Jan Vincent Rostowski nie podbił serc Brytyjczyków. W czwartkowych wyborach do Parlamentu Europejskiego nie zdobył mandatu. Przypomnijmy, że były minister finansów startował z drugiego miejsca na liście nowo powstałego, proeuropejskiego ugrupowania Change UK w Londynie.
Nowe ugrupowanie zgromadziło zaledwie 5,3 proc. głosów wyborców w Londynie, co nie przełożyło się na ani jeden mandat w PE. W skali kraju, odnieśli wynik na poziomie 3,6 proc.
Mieszkańców Londynu w nowym Parlamencie Europejskim będą reprezentować trzej przedstawiciele proeuropejskich Liberalnych Demokratów, którzy niespodziewanie triumfowali w głosowaniu, a także po dwóch europosłów z Partii Pracy i eurosceptycznej Partii Brexitu oraz jeden z Partii Zielonych.
Partia Konserwatywna nie uzyskała mandatu w stolicy, tracąc dwóch europosłów kończącej się kadencji, w tym przewodniczącego frakcji Europejskich Konserwatystów i Reformatorów (EKR) Syeda Kamalla.

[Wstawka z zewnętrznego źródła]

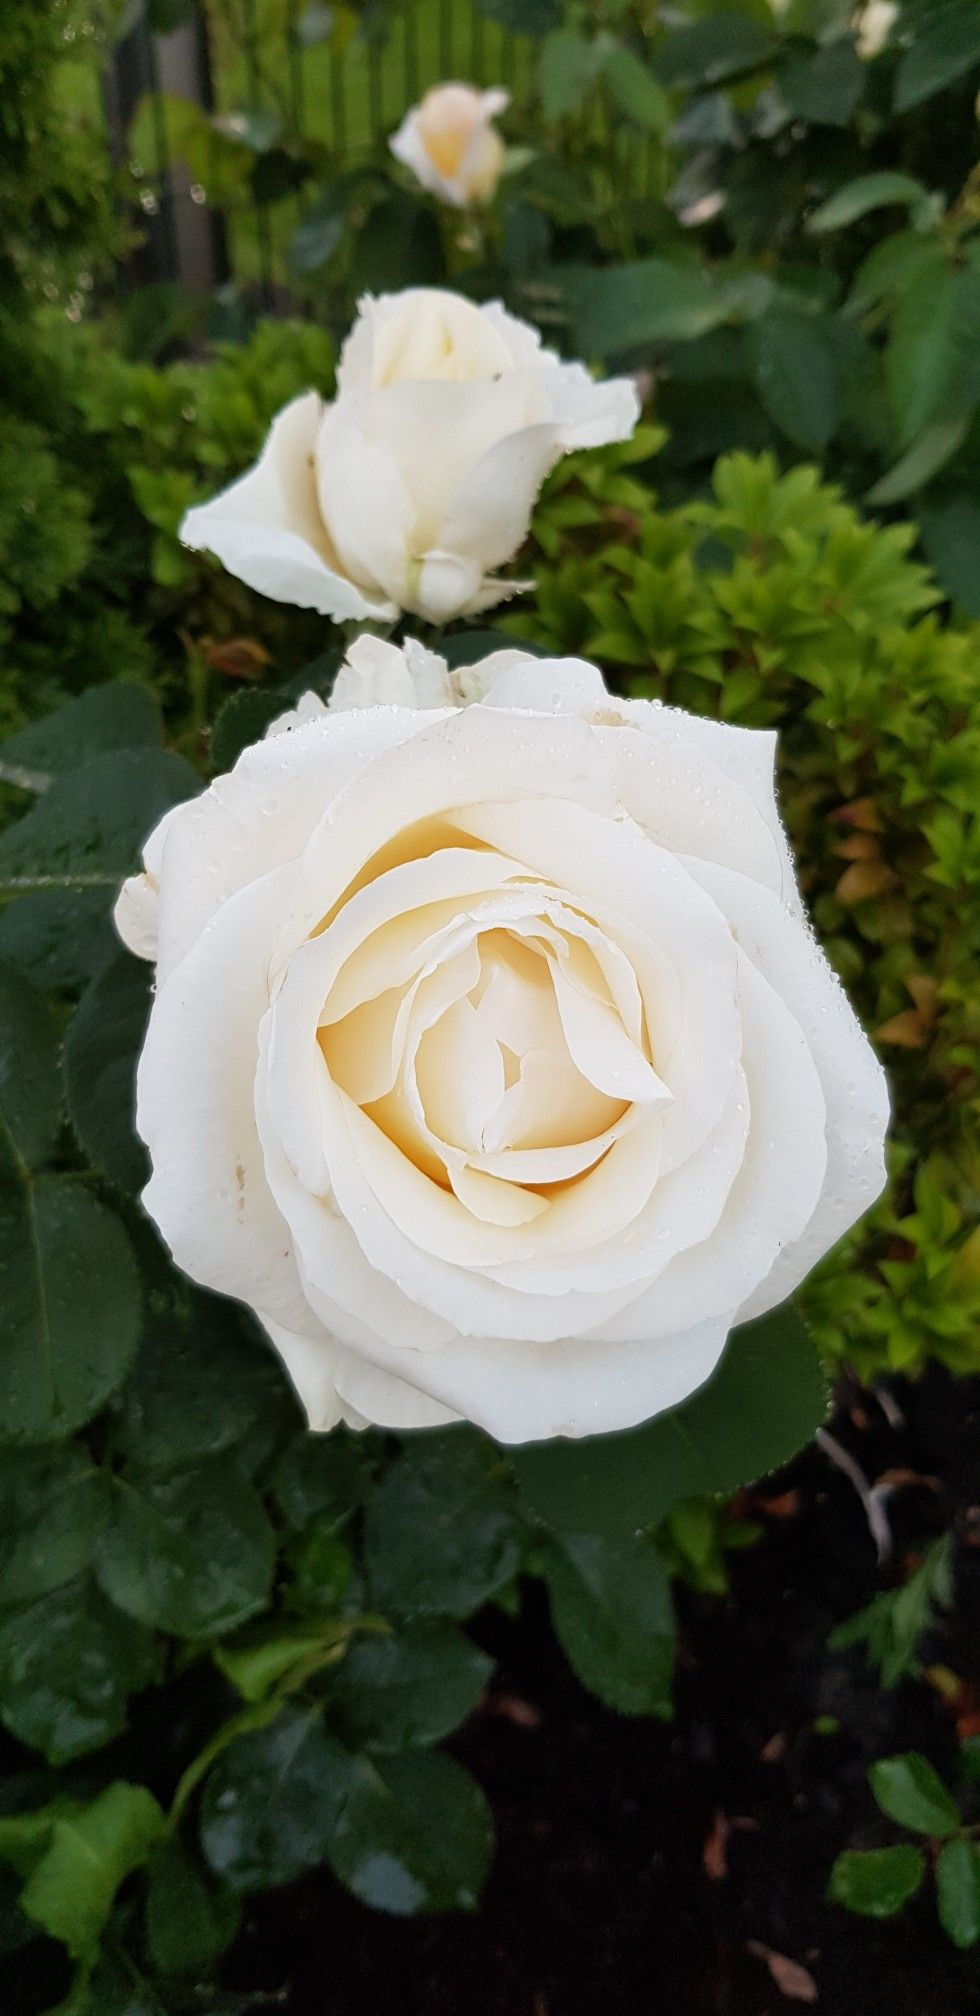 Pin By Ewa Wieckowska On Roza Polska Fryderyk Chopin Rose Plants Flowers

Zdecydowanym zwycięzcą okazała się być Partia Brexitu, która uzyskała 32 proc. głosów. Po zebranych wynikach z 10 na 12 okręgów, uda im się wprowadzić 28 europosłów. Na drugim miejscu byli Liberalni Demokraci (15), przed Partią Pracy (10) i Partią Zielonych (7). Partia Konserwatywna uzyskała jedynie trzy mandaty.